Audio Analysis on an iPhone

Of the four main mobile platforms (Android, iOS, Blackberry and Windows Mobile) we have chosen to target iOS.  This was chosen due to the expertise of the developers on the project, and because iOS provides a native programming interface (API) for performing signal processing and linear algebra calculations.

In A picture of the challenge ahead you can see the main steps involved in identifying a bat call.  The 1st step major step in this is “(3) -Enable call isolation”

Enable call isolation

Fundamentally, an audio file is simply a long list of numbers specifying the amplitude of a sound wave over time.  If you imagine a sound wave moving through the air and hitting the magnet in a microphone, the amplitude is the distance from the origin that the magnet moves.

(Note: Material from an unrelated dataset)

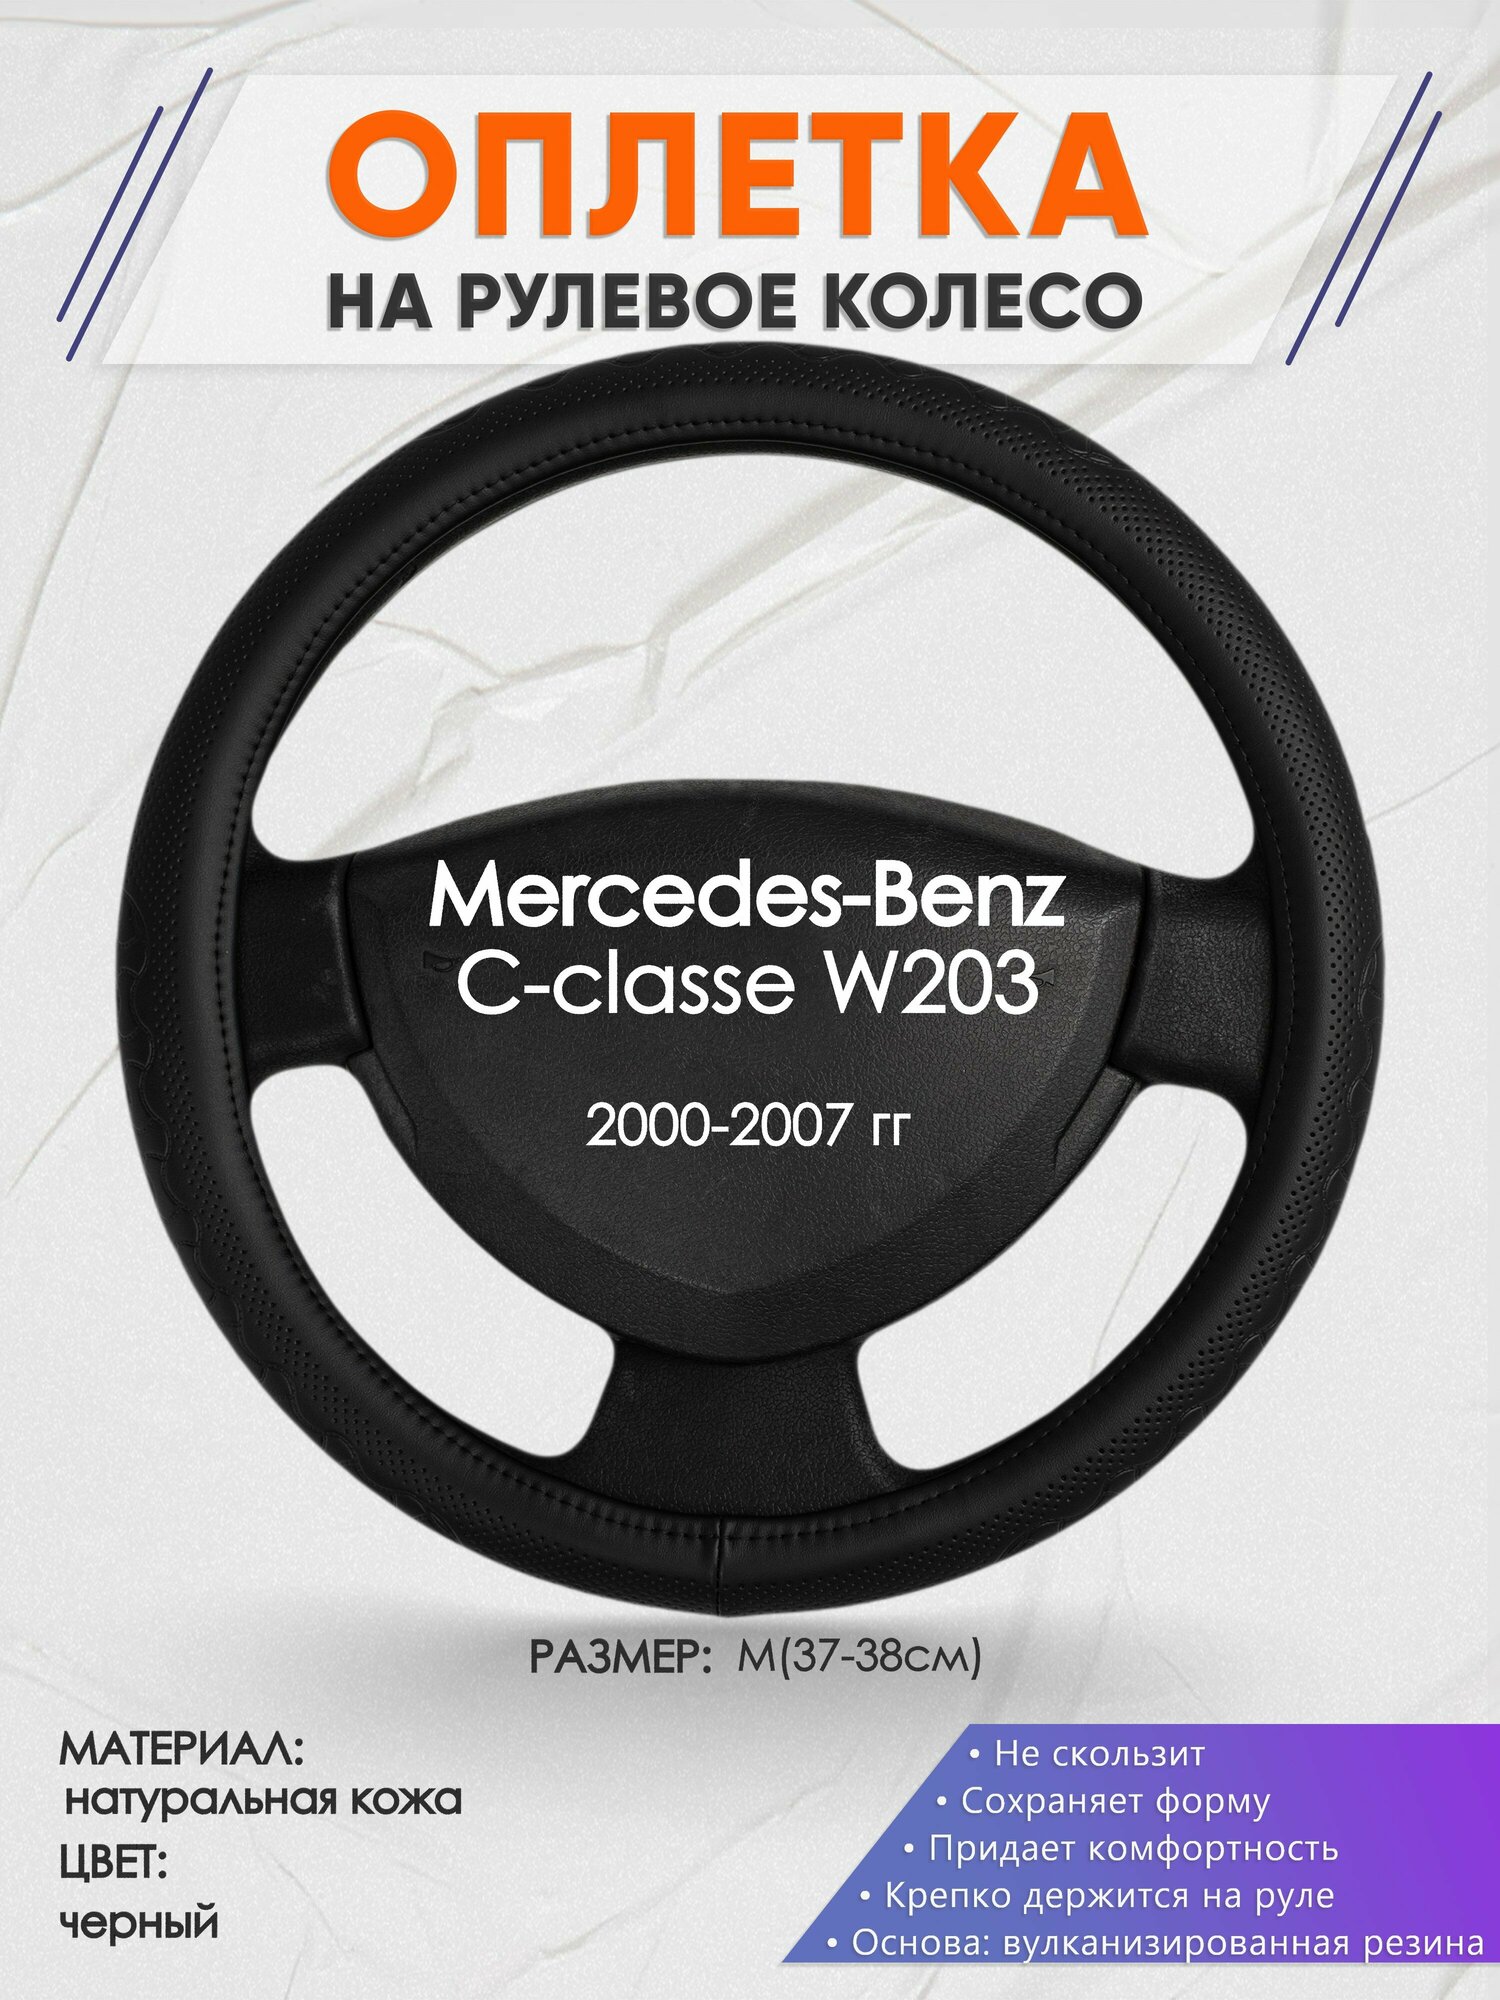 Оплетка на руль для Mercedes-Benz W203(Мерседес Бенц Ц класс в203) 2000-2007, M(37-38см), Натуральная кожа 25

This is an analogue signal.  In order for a computer to process it, it needs to be converted to a digital representation.  This is called “sampling”, and is a measurement of the position of the microphone taken many times a second.  A theorem called the Nyquist sampling theorem states that in order to sample a signal of X Hz without significant loss of quality, you need to sample at 2X the frequency.  The limit of human hearing is approximately 20kHz, which hence requires a sample rate of approximately 40Khz.  This is why CDs are sampled at 44Khz.  i.e. each second of recording in a CD contains 44,000 measurements of the highest possible frequency contained in the recording.

A 10x “time expansion” bat detector would record 1sec of audio and play this back over 10sec.  For a Pipistrelle this would reduce it’s frequency from about 50kHz to 5Khz, which can be recorded by ordinary equipment with a sample rate of 44.1kHz.  Without the time expansion we would require specialist equipment that could sample at 100kHz.

Once we have our recording, we need to identify where within it there are actual bat calls.  We have a measurement of audio amplitude against time, which isn’t very easy to analyse.  We want to identify where there are certain frequency characteristics within this audio.  To convert from a time domain to a frequency domain we need to perform a Fourier transform.  Because we have digitally sampled data, we need a discrete Fourier transform, and we will use a quick form of this called a fast Fourier  transform (FFT).  Apple’s iOS provides a native API for performing FFTs and other linear alegebra.  We will be using this to process the time expanded bat calls and detect where within the audio there is a call.

The next blog posting will go into this in detail.